**TASK REQUIREMENTS:**
Give the data back exactly. Leave out any images.

[MATERIAL PROVIDED — start]

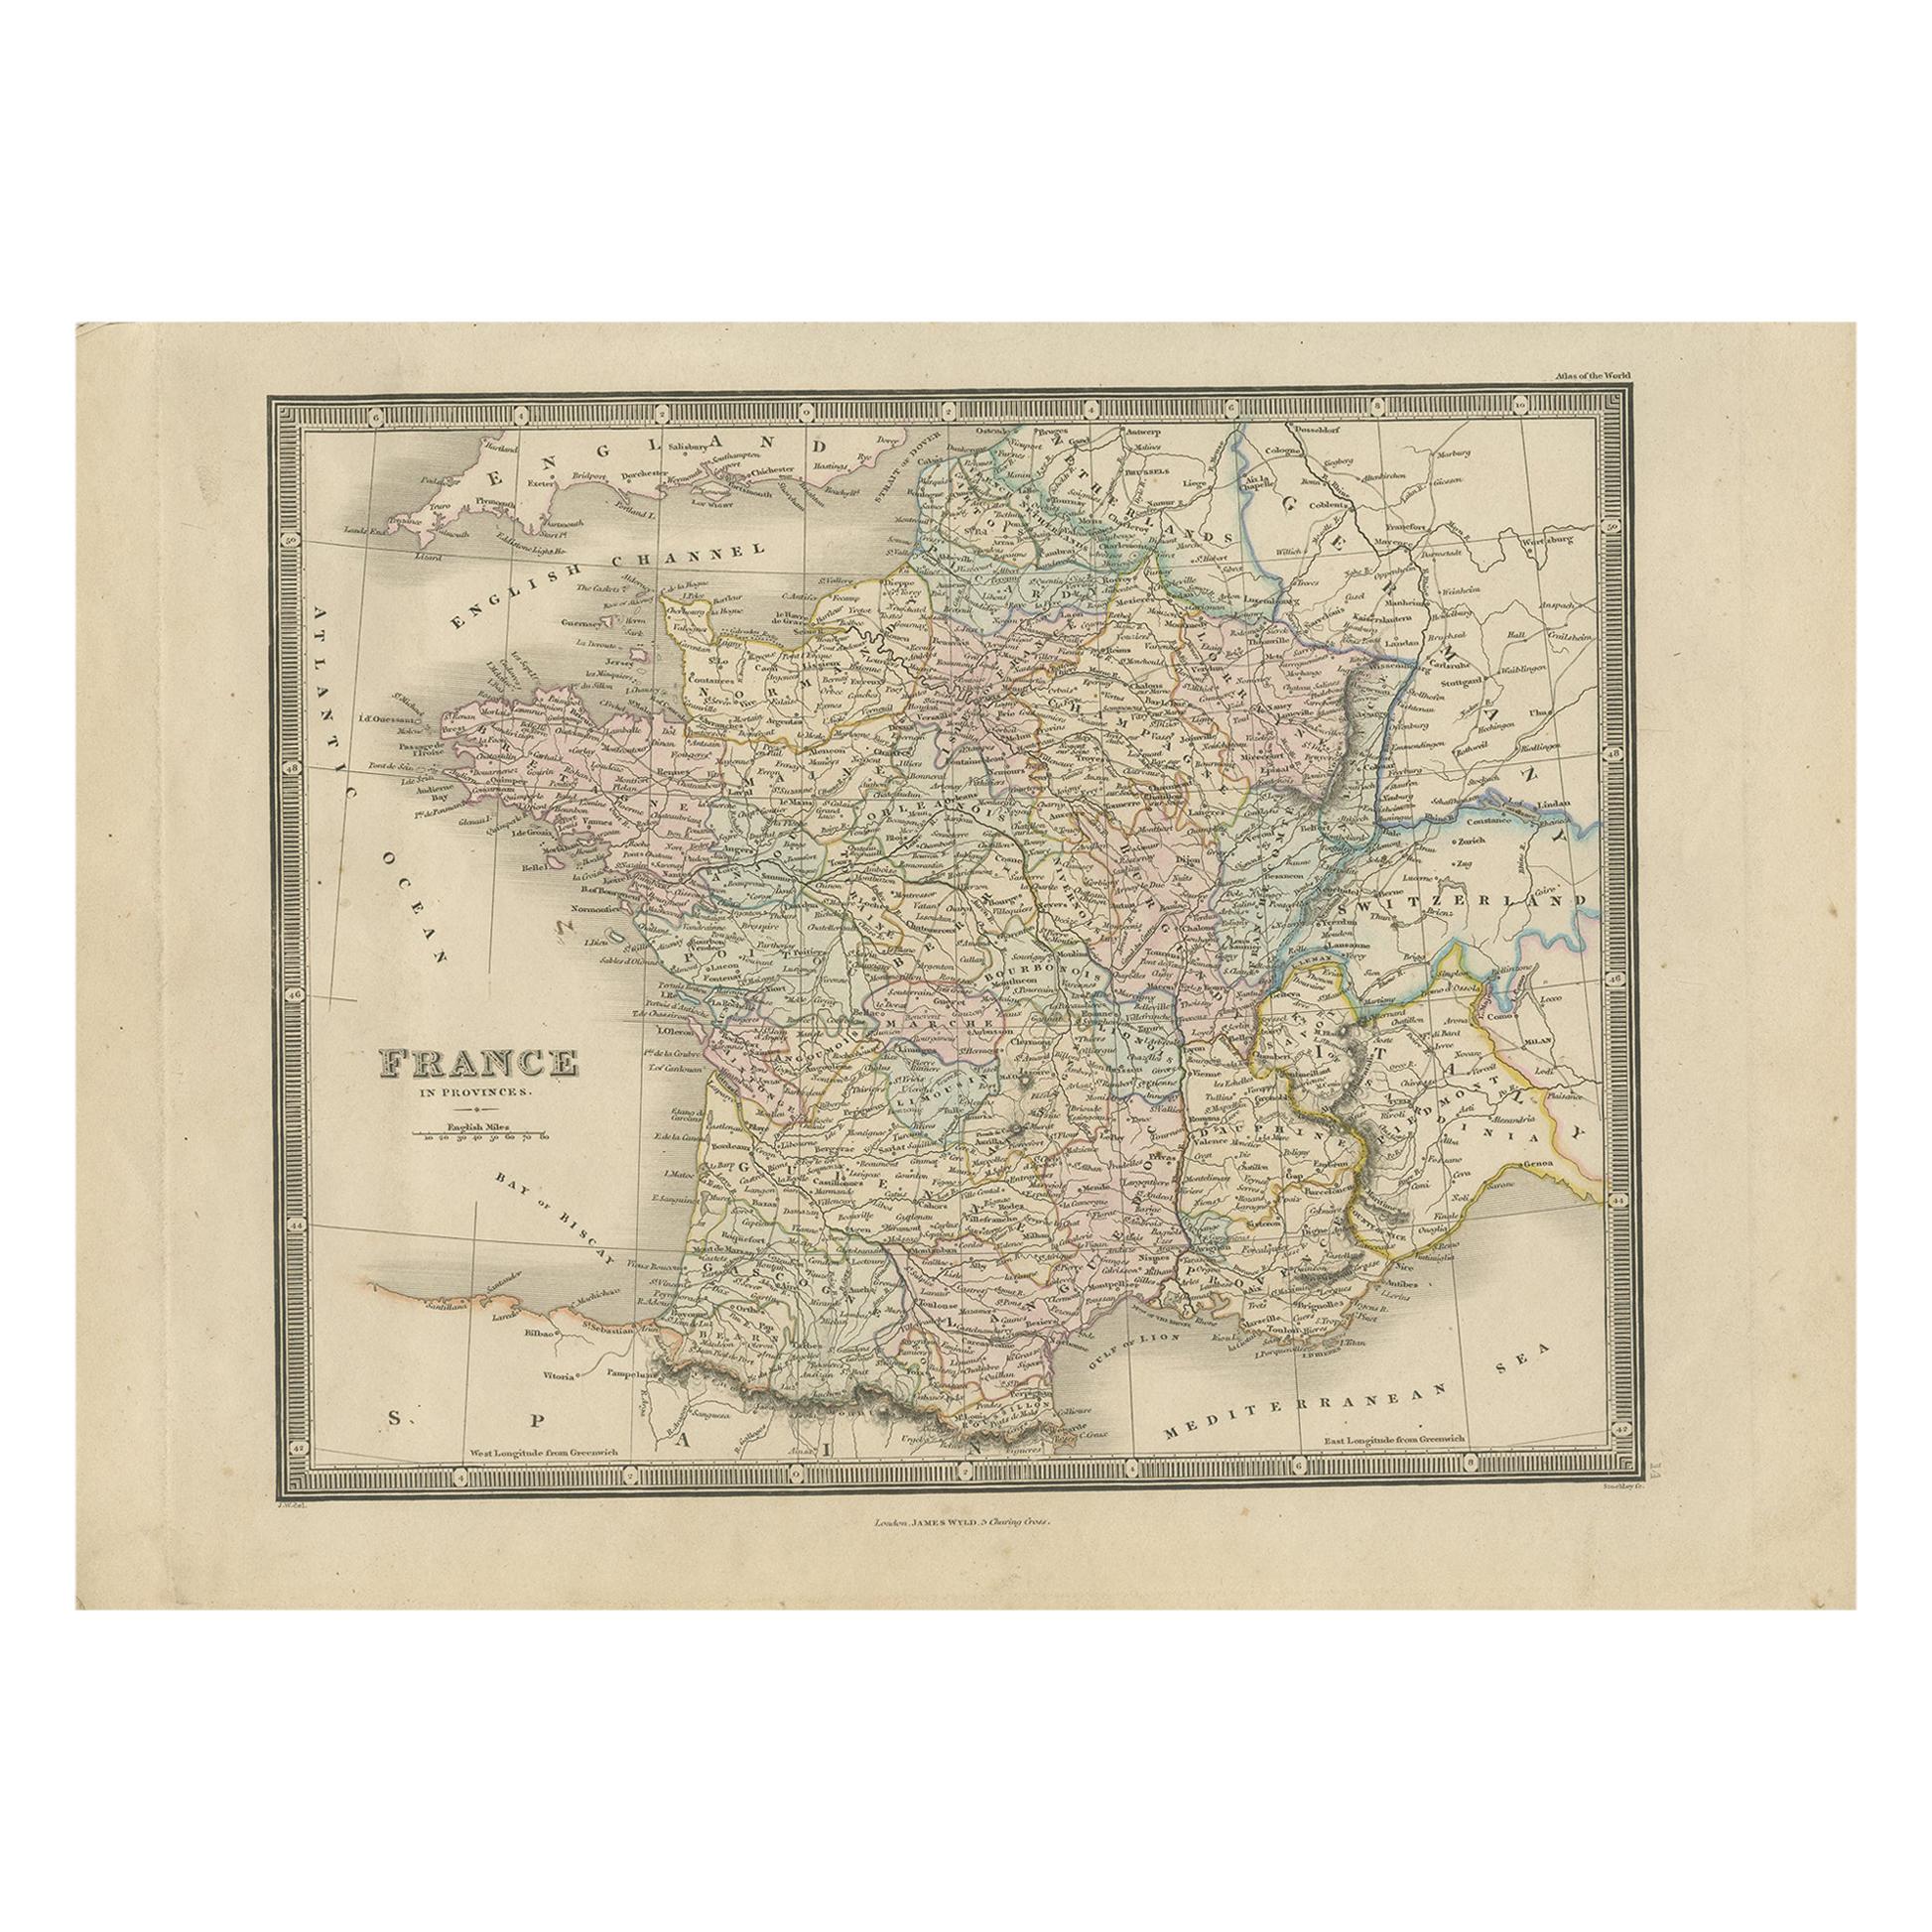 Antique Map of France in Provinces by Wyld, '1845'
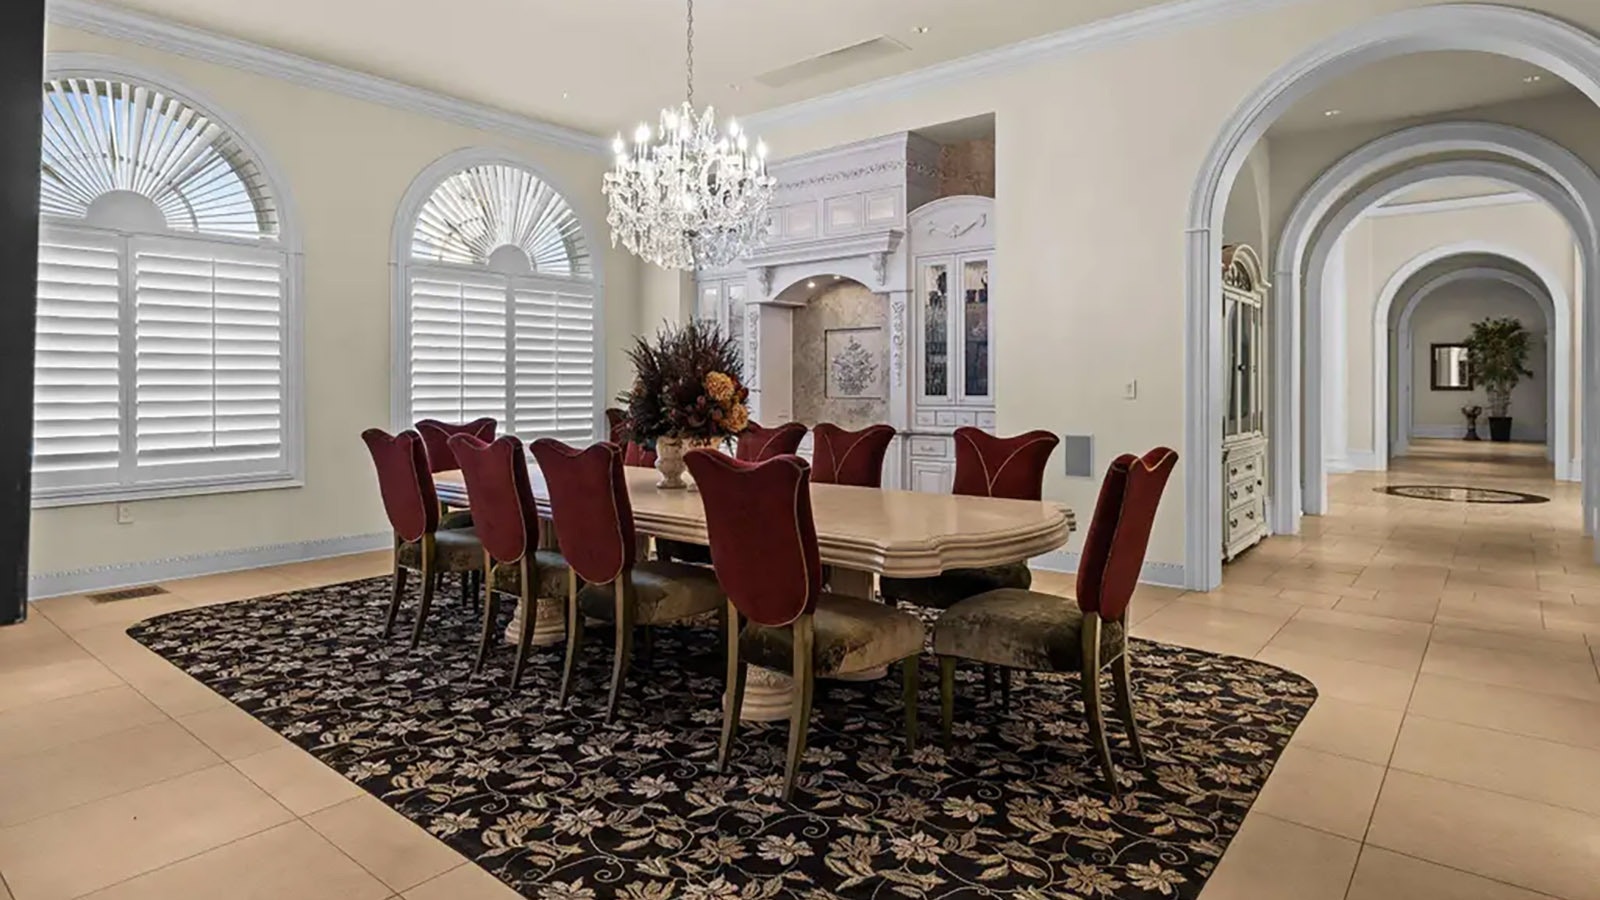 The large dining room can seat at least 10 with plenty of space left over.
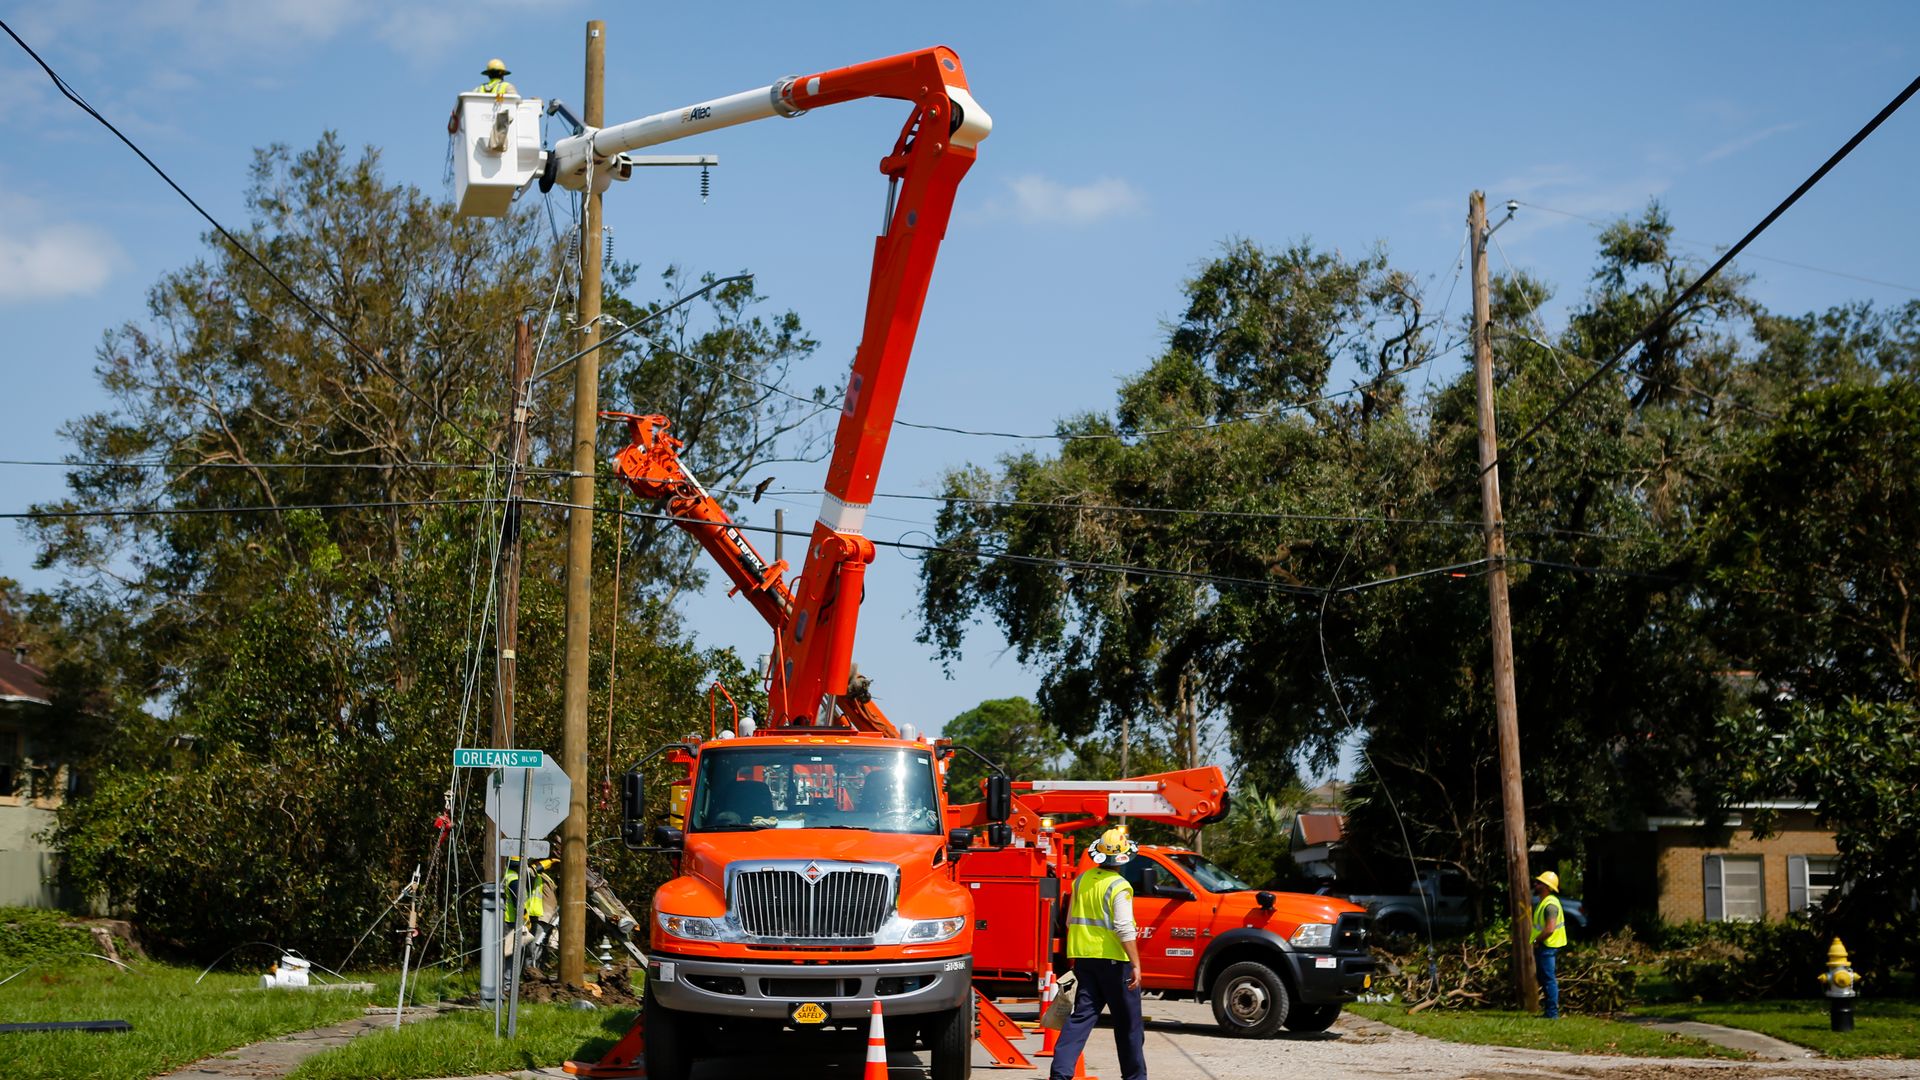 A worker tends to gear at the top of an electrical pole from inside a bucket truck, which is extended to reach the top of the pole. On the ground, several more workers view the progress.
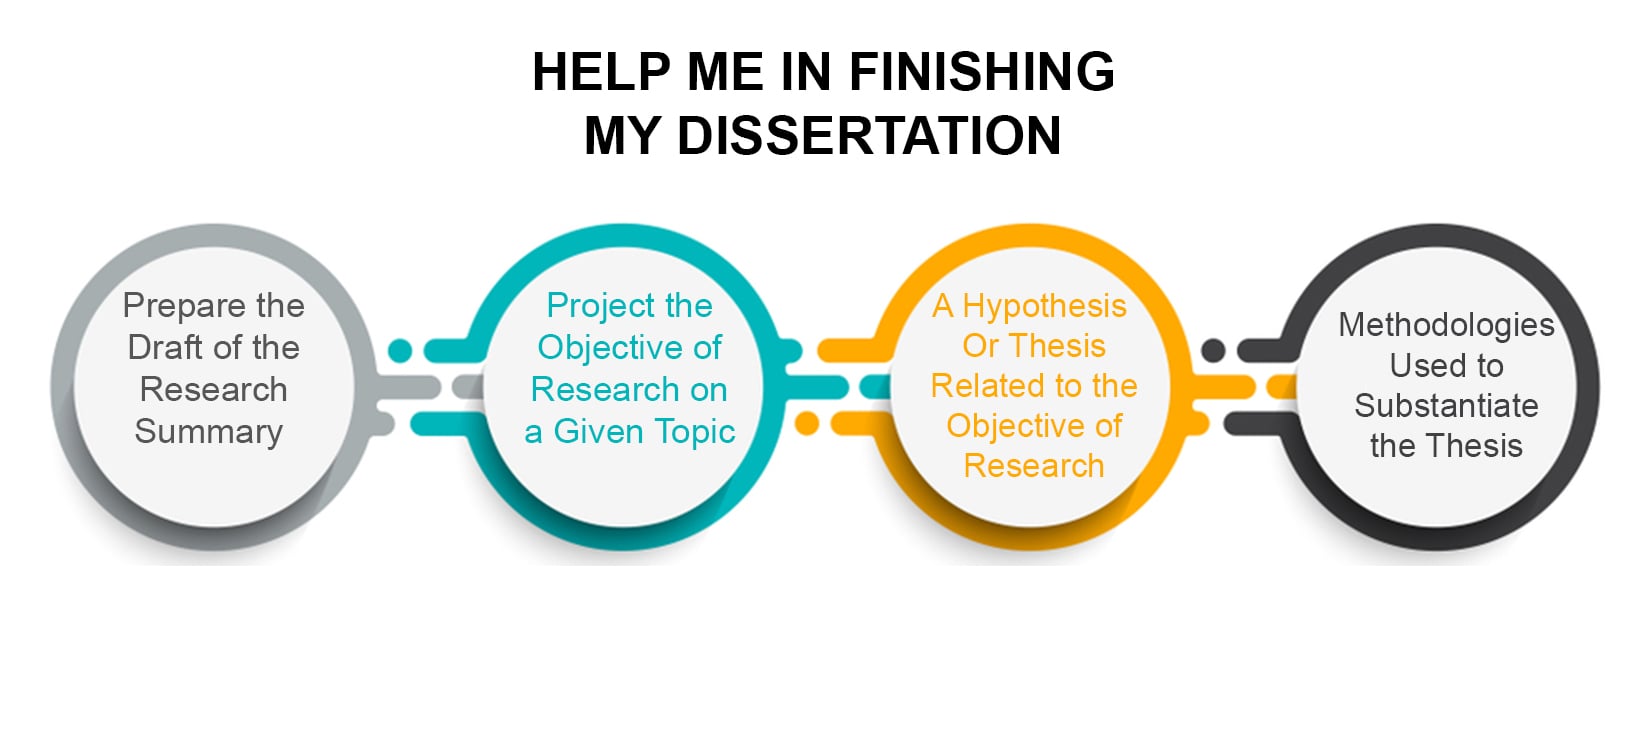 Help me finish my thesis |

[MATERIAL PROVIDED — finish]

**ANSWER SPACE:**
 Antique Map of France in Provinces by Wyld, '1845'
 The large dining room can seat at least 10 with plenty of space left over.
 A worker tends to gear at the top of an electrical pole from inside a bucket truck, which is extended to reach the top of the pole. On the ground, several more workers view the progress.
 Help me finish my thesis |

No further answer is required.